Israeli and Palestinian officials held separate meetings, as both sides began planning for a future that may not include Yasser Arafat.
Israel's regular weekly Cabinet meeting took place as usual, and the issues under discussion would, under other circumstances, have been routine. What to do about Yasser Arafat has been a common topic for a succession of Israeli governments. But the particulars of this discussion were different, and focused on plans for burying the Palestinian leader, who is undergoing a battery of tests in a Paris hospital for a mysterious ailment.
Ariel Sharon was reported to have told Cabinet ministers that, as long as he is prime minister, he would never allow Mr. Arafat to be buried in Jerusalem. The Palestinian leader has long expressed the desire to be buried at the site known to Muslims as Haram a-Sharif, or Noble Sanctuary, and to Jews as the Temple Mount.
Israeli security officials worry that a funeral procession through Jerusalem would bring huge crowds, and create a situation that would be hard, if not impossible, to control. In anticipation of his death, Israel is also making contingency plans for how to handle the chaos that some predict will erupt, should various Palestinian factions begin fighting over who should succeed the Palestinian leader.
Many Israeli officials believe Mr. Arafat is so ill that he will never return to power.
Palestinian officials have maintained that while Mr. Arafat's health is a concern, initial testing at the hospital in Paris has shown his illness is not leukemia, and they say doctors have, so far, found no evidence of a life-threatening disease.
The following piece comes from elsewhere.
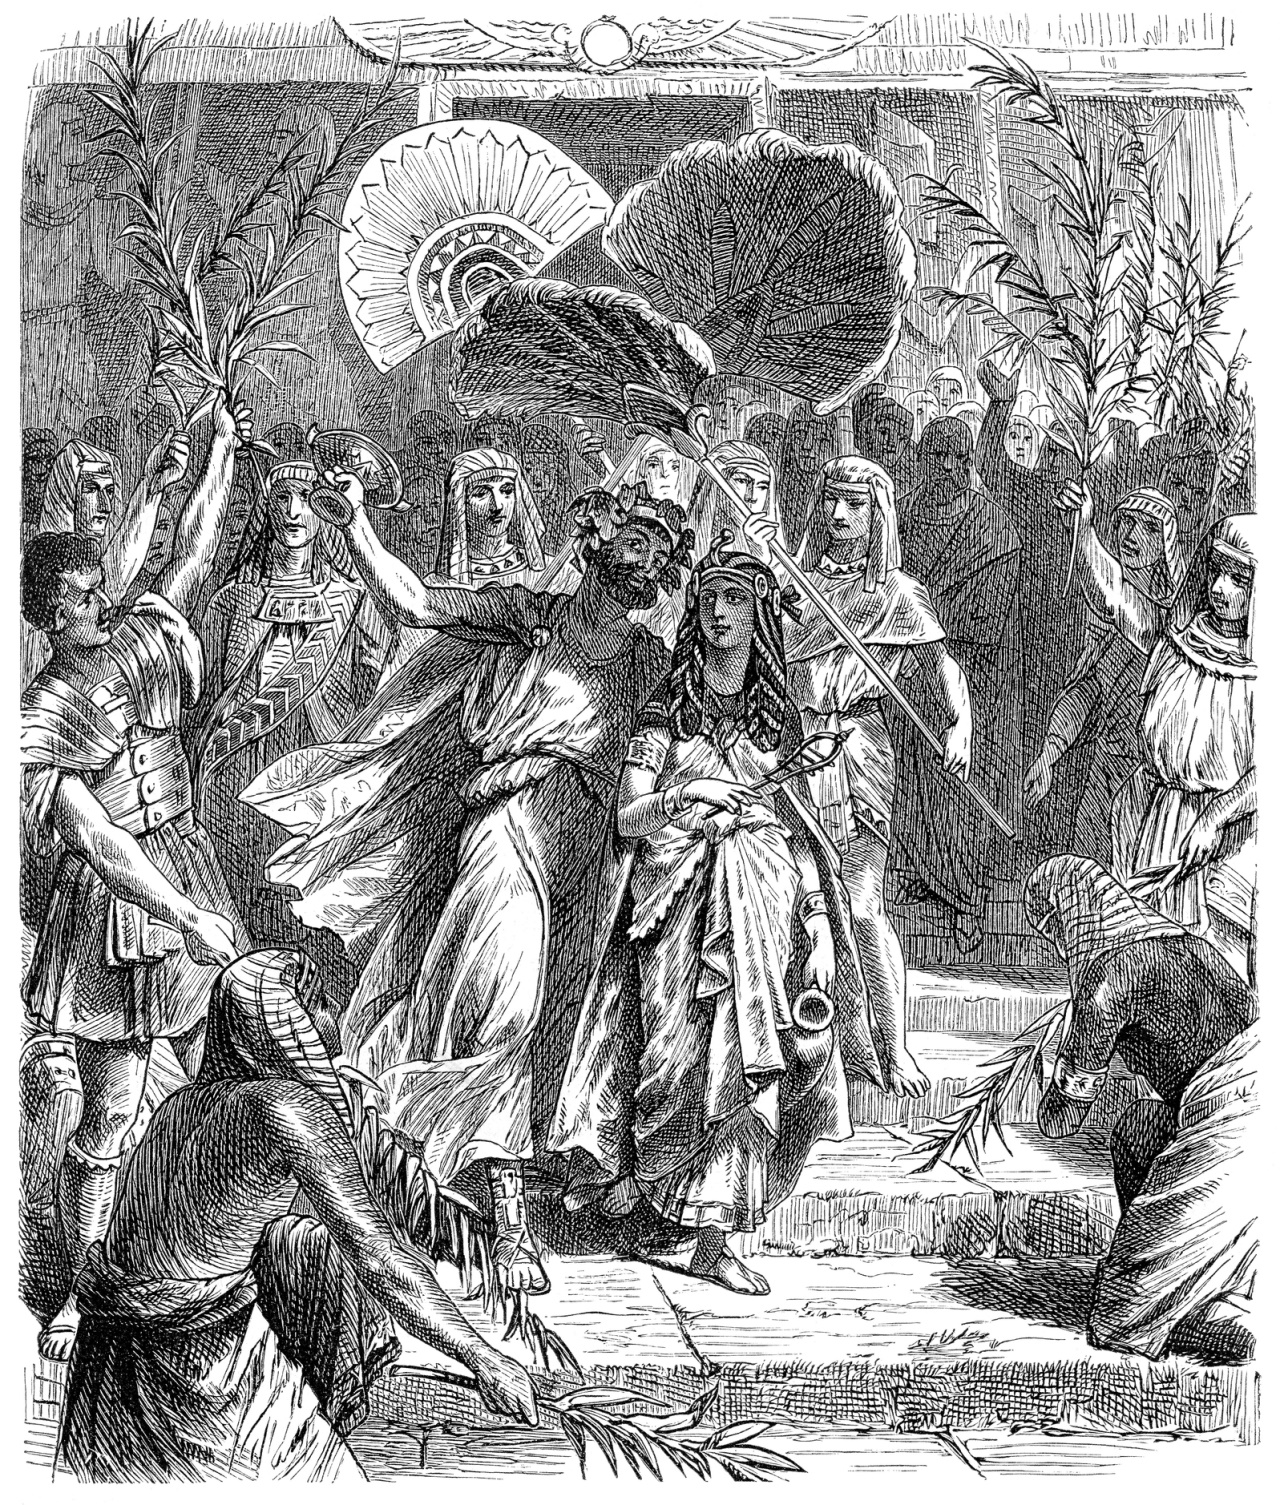 <p><strong>Марк Антоний и Клеопатра</strong></p>

<p>Антоний управлява Рим заедно с Октавиан и генерал Марк Лепид и Октавиан е разбираемо ядосан, когато Антоний се влюбва в Клеопатра и зарязва всичко, а пък и Антоний е женен за сестрата на Октавиан. Октавиан обявява война на Египет, побеждавайки Антоний и Клеопатра, които се самоубиват, а Октавиан поема пълен контрол над Римската империя.</p>

Palestinian Foreign Minister Nabil Shaath said Mr. Arafat is much better, as he put it, more cheerful, more lively and less tired.
No Palestinian official has suggested anything other than Mr. Arafat would recover, and would return to office. Nor have they admitted publicly that they might be planning a path to follow, should Mr. Arafat die or be incapacitated. The Palestinian leadership has met during the past few days to reassure Palestinians that their institutions are functioning normally.
On Saturday, former Prime Minister Mahmoud Abbas chaired a meeting of the PLO, and on Sunday, current Prime Minister Ahmed Qureia chaired a meeting of the Palestine National Security Council. On both occasions, reporters were invited to the session, and, on both occasions, the chair normally occupied by Yasser Arafat was left vacant, seen as a sign that he is expected to return.